Her roots are in the Channel Country but the 2018 QCL Beef Achiever, Dalene Wray, is poised to walk across the world stage.
Already recognised for an impressive list of achievements at the Rabobank Beef Industry Awards dinner at Beef Australia 2018 last Monday night, Dalene, the managing director of OBE Beef Pty Ltd, is forging ahead with a plan to show the way in managing animal welfare outcomes from a production point of view.
Foreshadowed in her speech accepting the prestigious red meat award, Dalene said animal welfare was important to herself and to customers and so a way had to be found to “be impactful”.
“If the whole industry started talking about this, we might be able to do something,” she said.
Under Dalene’s guidance, OBE’s contribution will be through an animal welfare committee, made up of producers who supply livestock to them, producers outside its supply chain, a veterinarian, and customers from Dubai, and is set to have its first meeting on May 16.
They’ll be asked to help the organic meat company consider what they’re already doing and suggest improvements they could make.

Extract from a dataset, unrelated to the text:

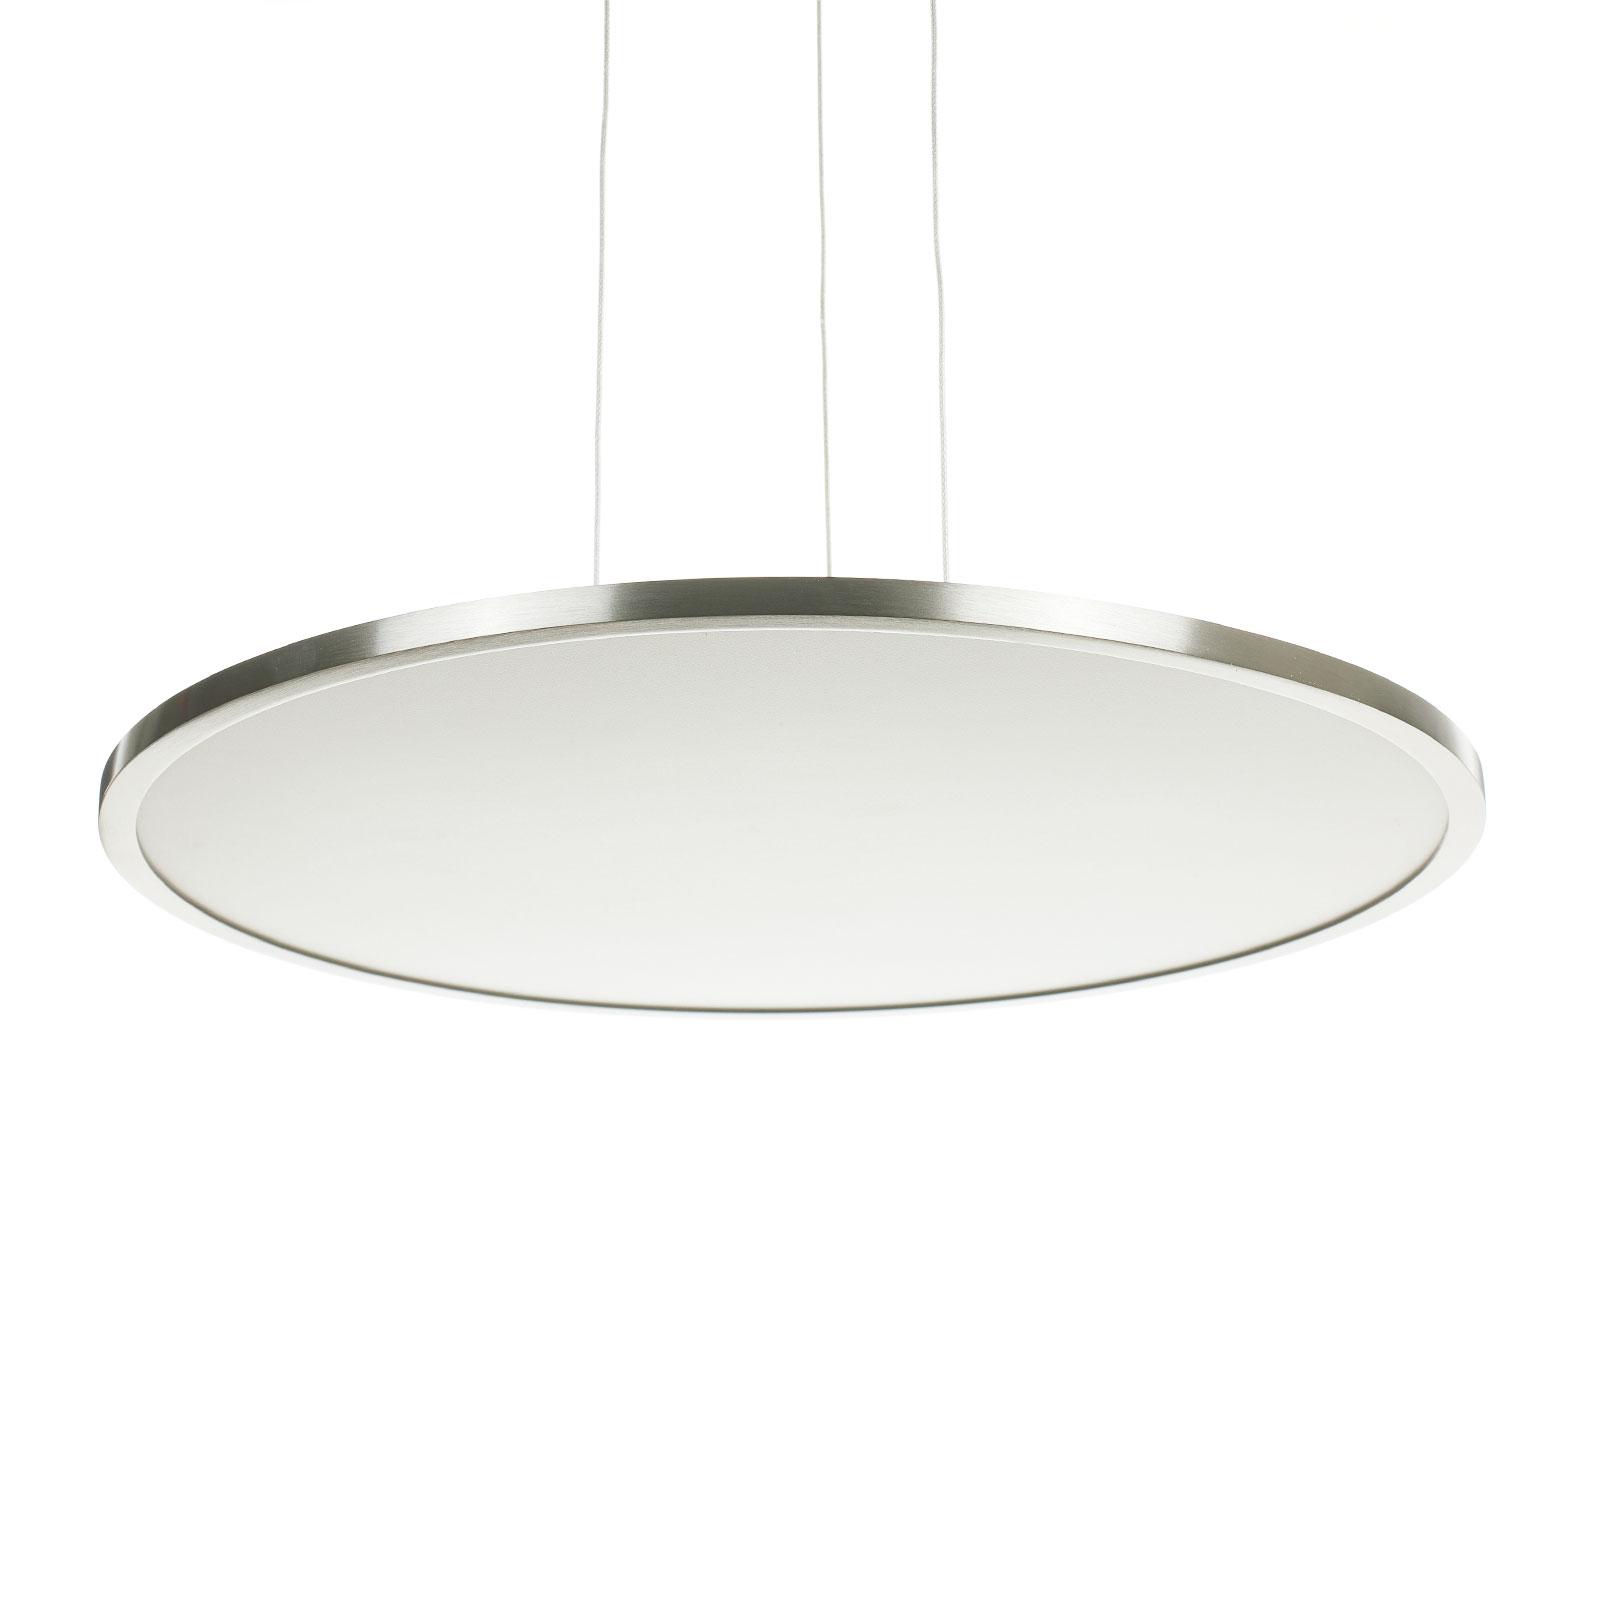 LED-Deckenleuchte Ceres, easydim, nickel, Ø45cm

“I think we’ll be running risks and positives past them, and areas of improvement, and see whether producers accept them,” she said.
The idea came after an industry peer sent Dalene an animal welfare benchmark report, the criteria of which she quickly ran through with OBE producers in mind.
“I said, OBE can do all that but then I thought, maybe not.”
As far as she was aware, OBE will be the only livestock management group in Australia dealing with animal welfare issues this way.
It’s a trademark move from the woman who initiated a Reconciliation Action Plan for the company, another first for an Australian agribusiness.
Making the announcement in January, Dalene said it aimed to create social change and economic opportunities for Aboriginal and Torres Strait Islander people in their group, and to show the way for others to do the same.
Dalene is the first woman to win the QCL Beef Achiever award and she acknowledged that, as someone who left her Birdsville home at the age of 12 to attend boarding school, then spending six years living in Hong Kong, she would be seen as an unlikely winner.
“It’s an honour, among so many beef achievers here tonight, to receive this,” she said. “I’ve never worked in a stock camp, never mustered.”
The industry accepted her as the managing director of the company though, recognised by Dalene on Monday night when she thanked “the Stanbroke crew” on one of the tables.
“I was a young girl when I stepped into the Valley Beef abattoir and I really appreciate the support I got from them,” she said.
Dalene described herself as a “millennial mum” because of her drive for innovation and digital adoption, and her recognition of both clean and green and animal welfare issues.
“I’m the consumer the beef industry is targeting,” she said. “I’ve lived overseas and I understand what they’re looking for.”
Leading a small team of 10 based in Brisbane, she paid tribute to the company’s founders, Peter Schmidt, Scott Frazer and her father, David Brook, at the awards dinner.
She has driven a number of innovations in the business to improve the sustainability of beef supply chains, including partnering with GrazingBMP to improve farmer profitability and productivity; webinars to improve farm safety; and introducing a program to measure the extent and cost of disease and parasites in cattle, using carcase data.
She has also hosted forums to encourage outback producers to adopt technology, and advocated for improved bush broadband connectivity.
She speaks English, French, Spanish and Afrikaans, and has lived in the densely populated cities of Asia, building relationships and markets that have helped to further enhance the profile and reputation of the Australian beef sector offshore.
Back in Australia, Dalene continues to wear many hats, as a member of the Telstra Queensland Regional Advisory Committee, as an industry advisory group member for the Australian Government Farm Cooperative Project, and as a member of the DFAT Council for Australian Arab Relations.
Showing the importance of reconciliation to her beliefs, Dalene concluded her acceptance speech by saying she likened her win to the 2018 NAIDOC Week theme – Because of her, we can!